The analysis showed the opioid cessation rate at 18 months after surgery was 64% among those who used the pain medication before joint replacement, and 95% among those who did not.
Abuse of prescription opioids is a known culprit in the rise of the current opioid epidemic, which the CDC said claims 130 lives a day; researchers Florence et al, estimate the economic burden is $78.5 billion a year, including healthcare and addiction treatment costs and lost productivity.
One route to addiction that has received attention is the use of opioids to pain following joint replacement, but a new analysis shows that this phenomenon may not be what it seems. Patients who keep using opioids may not be those who took them for the first time after surgery, the researchers found, but instead are those who started using opioids for pain management before a joint replacement.
In their paper, appearing this week in Pain Medicine, authors from axailHealthcare and Vanderbilt University Medical Center, both in Nashville, Tennessee, and Brigham and Women’s Hospital, Boston, Massachusetts, evaluate health records from more than 34,700 patients who had hip, knee, or shoulder replacement in 2014-2015, to reveal patterns in opioid use both before and after surgery—and their relationship with cost.
The data show that patients who were taking opioids before joint replacement had longer lengths of stay, higher costs, and increased revision rates, which were related to the dose. These patients were defined as those who had at least 2 opioid fills at least 30 days apart in the 90 days prior to surgery.
Of the patients studied, 38% had hip replacement, 58% had knee replacement, and 4% had shoulder replacement. Of the group, 6043 (17.4%) used opioids prior to surgery, with an average daily dose of 32 mg. Findings showed:
- Those who took opioids prior to surgery had increased length of stay (incidence rate ratio = 1.03, CI = 1.02-1.05, P < .001), nonhome discharge (odds ratio [OR], 1.10, 95% CI = 1.00-1.21, P = .048), and 30-day unplanned readmission (OR = 1.43, 95% CI = 1.17- 1.74, P < .001).
- Opioid users prior to surgery had 35% higher rates of surgical site infection (HR = 1.35, 95% CI 1.14-1.59, P <.001), and 36% higher surgical revision risk in the 18 months after surgery (HR = 1.36, 95% CI = 1.15-1.62, P < .001).
- Surgical site infection risk and surgical revision risk both increased as opioid doses increased (HR = 1.46, 95% CI = 1.21-1.76; HR = 1.46, 95% CI = 1.20 to 1.78, respectively).

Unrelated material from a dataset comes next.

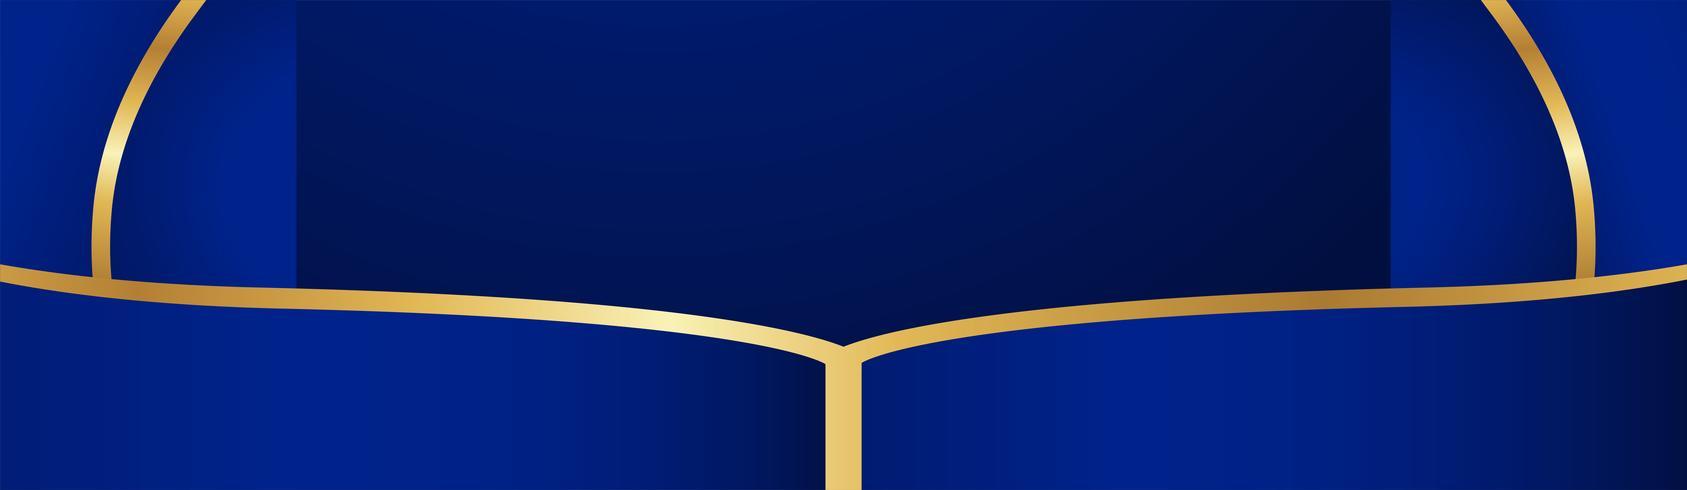 Fundo azul abstrato no estilo indiano superior. Modelo de design para capa, apresentação de negócios, banner web, convite de casamento e embalagens de luxo. Ilustração vetorial com borda dourada. vetor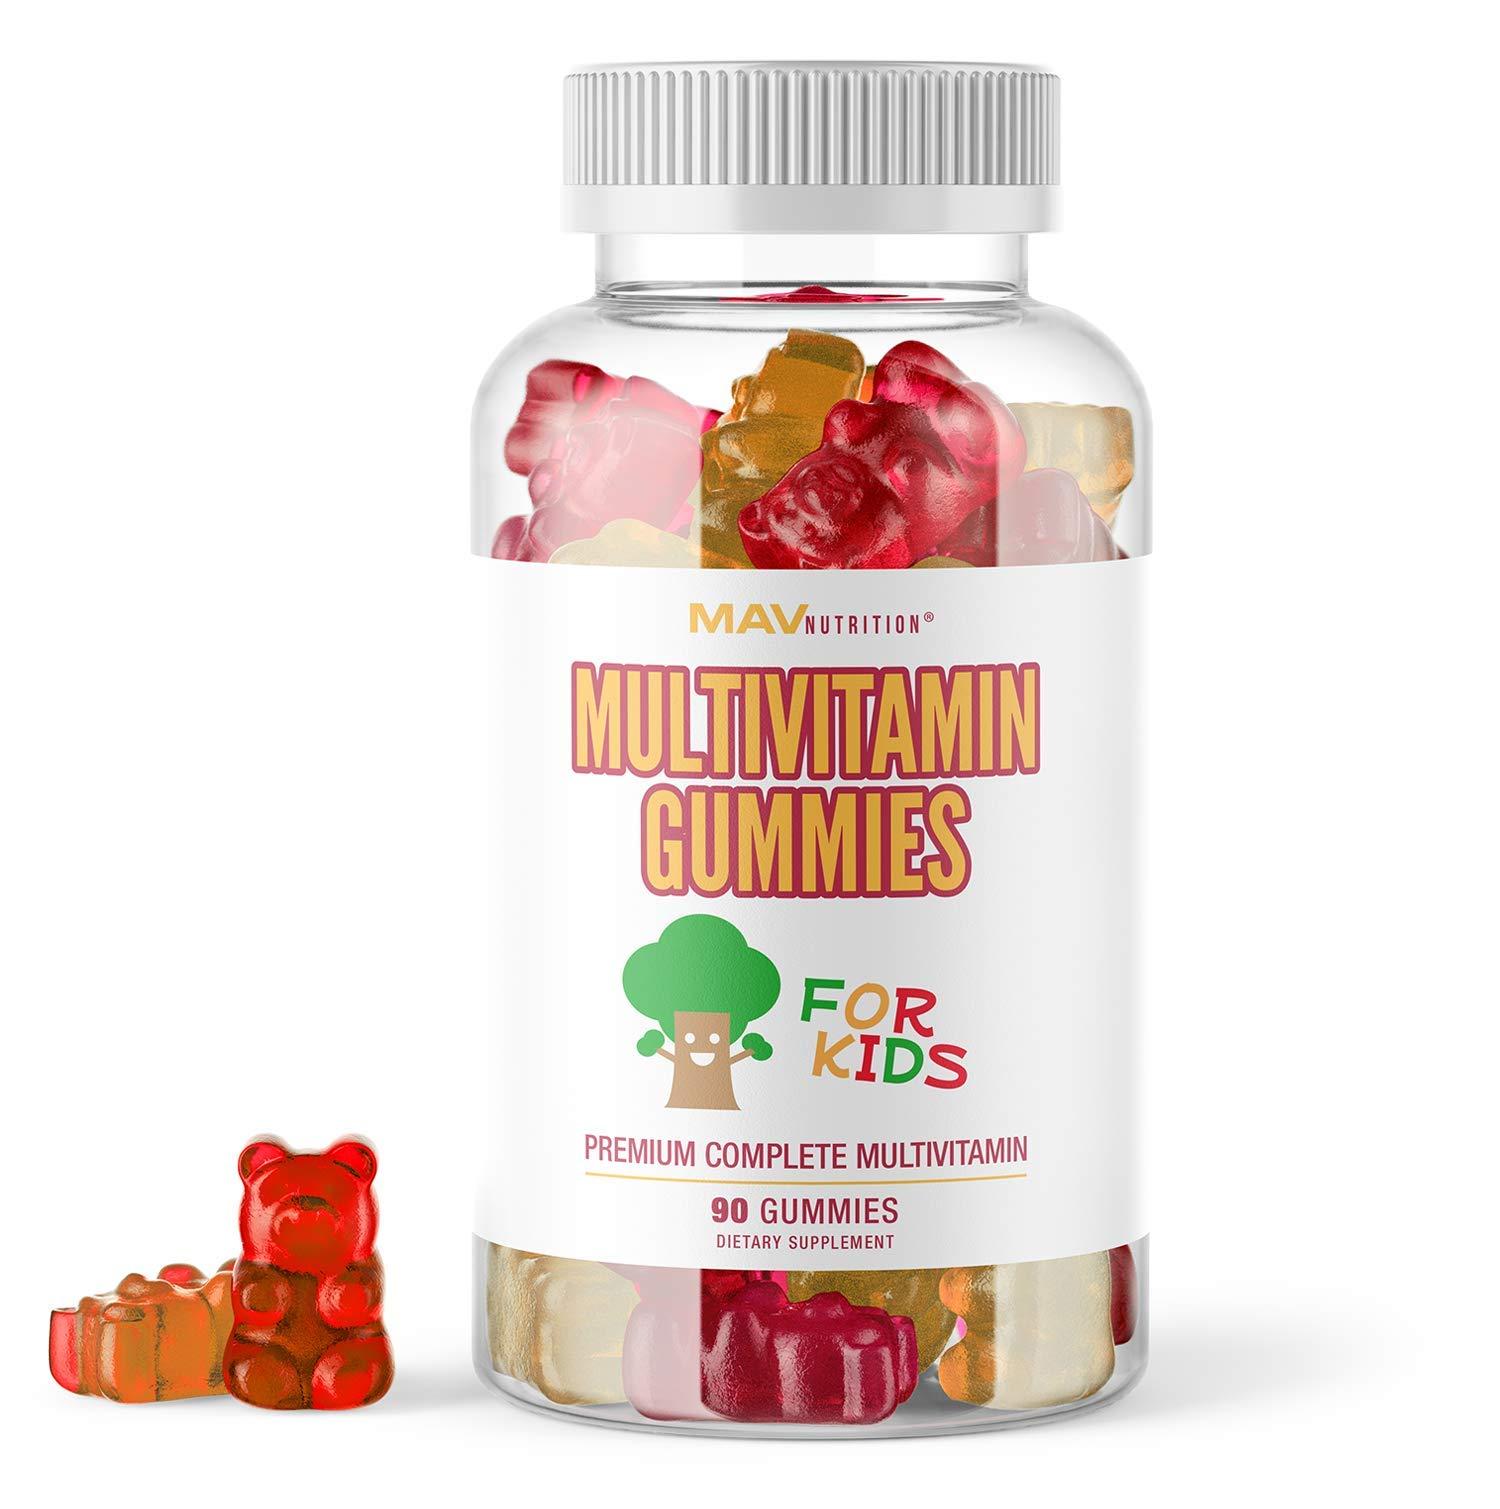 MAV Nutrition Multivitamins Kids Gummies

- The median medial spend for those using opioids before surgery was $1084 higher than those who did not (95% CI = $833-$1334) in the 365 days after discharge.
Data showed that 92% of surgical patients filled an opioid prescription within 45 days of surgery, but those who used opioids prior to joint replacement had an opioid cessation rate of 64% after 18 months, compared with 95% for those who had not used opioids prior to joint replacement.
This would raise questions about state policies that limit post-surgical opioid prescriptions to a 5- or 7-day supply. Based on these findings, the patients who struggle to limit opioid use after joint replacement would already have a 30-day supply of pain medication on hand.
The authors write that patients using opioids before joint replacement were more likely to already “have comorbid psychiatric disorders and to have incurred high costs in the year before surgery.”
While in-hospital spending differed little between those who used opioids prior to surgery and those who did not, the authors wrote, “We are led to suspect that the effects of preoperative opioid use on surgical outcomes are more likely to manifest in the postoperative period, because these patients were more frequently discharged to a location other than their preoperative home of record.”
In turn, these patients were more likely to be readmitted within 30 days, more likely to have surgical site infection within 90 days, and more likely to need a second surgery to repair or realign the implant.
How common is opioid use prior to joint replacement? One Veterans Administration study cited by the authors put the figure at 39.1%, while another study of a commercially insured population said the share is 17.6%.
Strategies to curtail opioid use prior to surgery may be in order, the authors say, given the rise of bundled payment models in this area of surgical care. “As healthcare payment models continue to shift toward accountable care organizations bearing the risk for patient outcomes and/or bundled payments for medical services, factors that directly affect costs will continue to grow in importance,” the authors write.